The organizers of the recent Static Analysis Symposium — conveniently held four blocks from my office — were kind enough to invite me to give the opening talk. Now, this is a conference where the presentations have titles like “Efficient Generation of Correctness Certificates for the Abstract Domain of Polyhedra“; I know what all those words mean individually, it’s just them next to each other in that order that I don’t understand. Fortunately for me, the SAS organizers invite people in industry to give talks about the less academic, more pragmatic aspects of program analysis, which I was happy to do.
They also let me pad my presentation with funny pictures of cats, which helped a lot.
Unfortunately I don’t have a recording of the talk, but my slides are posted here if you want to check them out.
Special thanks to Scott Meyer of BasicInstructions.net who was kind enough to allow me to use his comic about informative presentations in my informative presentation.
Please tell me that cat photo is the only reference to this, and that it wasn’t your opening.
No matter what you think of Steve as a CEO, certainly no one can accuse him of being “stuffy”. Business Cat by contrast is looking pretty conservative in that tie.
Is Coverity not oriented for personal development/hobbyist projects? I can’t find any pricing on the website.
It is not; our target market is software companies, not individual developers.
However, Coverity’s C/C++ and Java analysis is available for free for registered open source products. (C# analysis is unfortunately not offered at this time, though I hope that we can start offering that service at some point.) See http://scan.coverity.com/ for details.
Awesome. I look forward to someday using it for my C# projects.
Scott Meyer is awesome and it’s a mark of good taste that you would use one of his comics.
Hmm..when you say “I don’t have a recording” does that mean that you personally don’t have one,but one exists, or that one exists and you don’t know about it, or that one does exist and maybe someone you do know has it or, well, is there any chance ever we’ll get to see the presentation? The slide deck alone was brilliant!
Thanks, I’m glad you liked it.
I do not believe the talk was recorded at all, unfortunately.
“I know what all those words mean individually, it’s just them next to each other in that order that I don’t understand.”
This is without a doubt one of the best ways I’ve ever read to say that. I am going to quote you on this henceforth.
I don’t want you to get the impression that it’s just the number of words; getting them in the right order is just as important.
I hadn’t clicked the link earlier – I’d just assumed it was the obvious Python (Monty, Ltd.) reference. Most excellent.
Sounds like static analysis faces the same issues we as programmers face when trying to get people out of wasteful “traditional” techniques. Things are viewed as OK because they think it works, but no one cares to notice the elephant in the room.
Cat worrying about “dynamic” bugs literally killed me 🙂
As a recent purchaser of Coverity C# analysis, I say, “bring on the ‘churn’!” I would be ecstatic if our Coverity defect count jumped from 150 (with 34% false positives) to 1500 (but hopefully with a lower FP rate).
Raygun (http://raygun.io) is reporting the crashes so I know they’re there. I’d love to find them before the customers do.
Please don’t dumb the tools down by assuming that we’ll be upset if the new version works better (and reports more defects). At our company, developers buy development tools, and we don’t perversely incentivise management to keep some arbitrary reported number low. I want to fix crashes and data corruption bugs before they’re shipped to customers, and I’d love it if Coverity would help me do that.
At a company I used to work at we discussed FindBugs one day. I said it was great because for projects it had never been run on, almost 50% of the issues it reports are actual, we-should-fix-this bugs (not just discounting false positives but also reports of stuff that’s technically wrong but not that important to fix).

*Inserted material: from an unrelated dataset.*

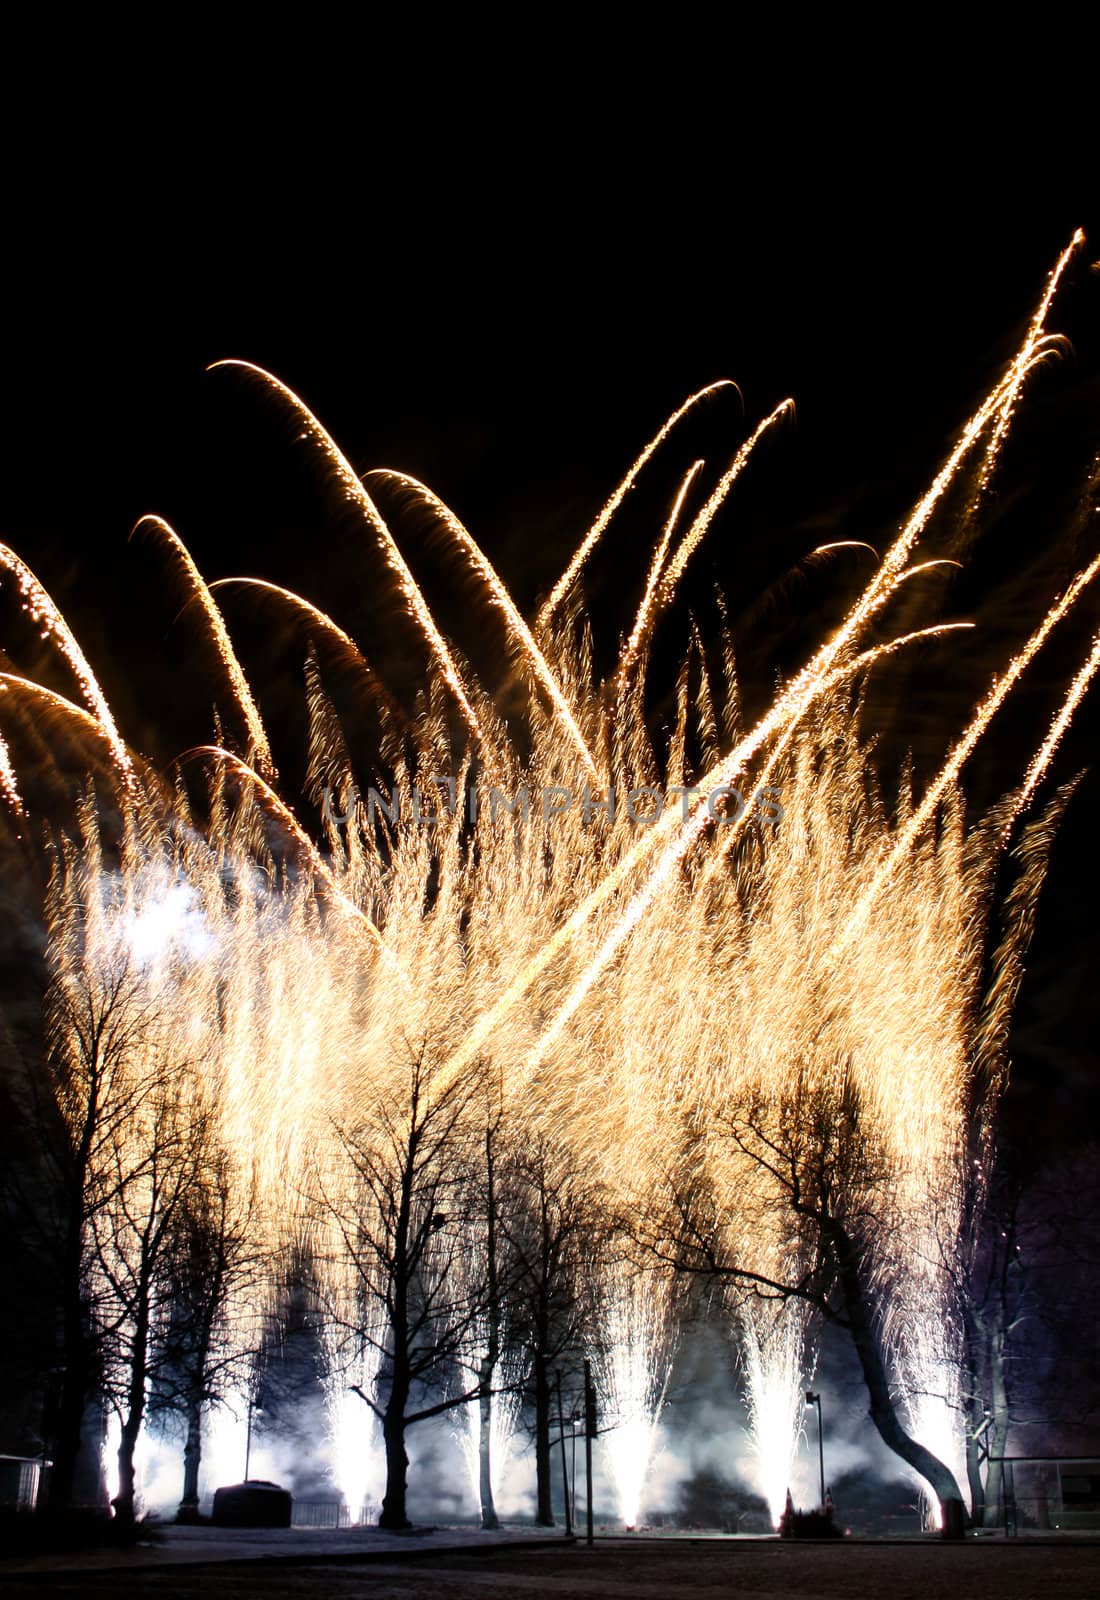 Big fireworks display against park trees silhouette

A coworker dismissed it because he thought that rate was not good enough to bother.
I didn’t – and still don’t – understand that attitude. It usually doesn’t take long to check an item and decide it’s a false positive or something you don’t want to spend time fixing, and if I can eliminate 10 actual bugs by looking through 20 or even 50 items seems like a good use of time.
OK, now suppose that instead of eliminating ten bugs out of twenty or fifty, you’re eliminating a thousand bugs out of five thousand reports, four thousand of which are a waste of time. What’s the cost, and how many new features could that money buy?
I see the point, but our projects were small enough that you could check (though perhaps not fix) all reports for one in an afternoon, IIRC.
Only a fraction of those bugs will actually be noticed if they are not fixed, but that event could have big costs attached (say if it occurs during a presentation, or if user data gets corrupted), and even if they don’t, tracking the bug down by its symptoms can be much more time-consuming than finding it through static analysis. I would assume that adding new features will also be easier once you eliminate those bugs.
Additionally, this is something I like to do when my current task is to familiarize myself with a project I didn’t work on yet, since you get lots of little tasks spread all over the code and so get a bit of a tour :).
I don’t have any actual data to know when the effort exceeds the benefits though. It depends a lot on the importance of the project, on the consequences of failure, and the expected lifetime of the project. Do you have a rule of thumb?